Figure 5.

Schematic representation of the proposed interplay between myocyte enhancer factor 2C, vascular endothelial growth factor receptor 2 (kinase domain insert domain receptor, KDR), and β-catenin (CTNNB1) along with the development of breast cancer brain metastases. In the initial stages of brain metastases, the pattern of myocyte enhancer factor 2C (MEF2C) expression in malignant cells extravasating into the brain and still close to blood–brain barrier (BBB) microvessels is categorized as phenotype (P) 1 (~100% cells with extranuclear location).

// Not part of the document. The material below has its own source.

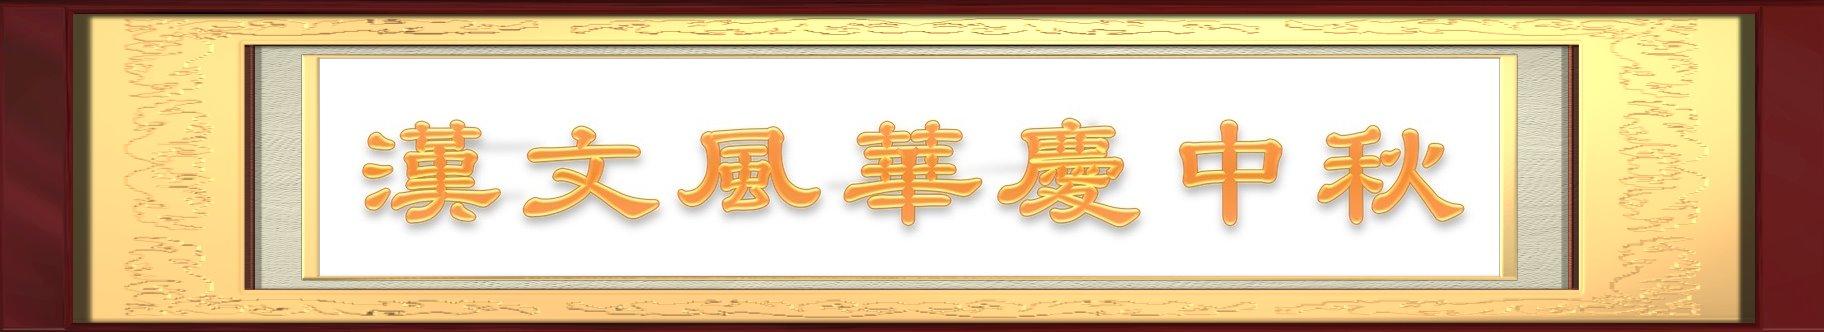 2012-9-28-Han

As metastases progress, the transcription factor progressively translocates into the nucleus giving rise to P2 (~50% cells with extranuclear location and ~50% with overall cell staining), and afterward, to P3 (~100% cells presenting overall cell staining). In parallel, the clear expression of vascular endothelial growth factor receptor 2 (VEGFR-2) at the cell membrane decreases, and an overall loss of the receptor is observed as metastases develop. This is accompanied by a decreased expression of β-catenin in the plasma membrane, which translocates into the nucleus, in line with the role of this molecule in signaling in cancer. Accordingly, an increasing number of Ki-67 positive cells is observed, reflecting the proliferative activity of metastatic cells that accounts for the enlargement of metastases. Collectively, the expression of MEF2C and its translocation into the nucleus is associated with disease severity, which pathogenesis involves VEGFR-2 and β-catenin signaling.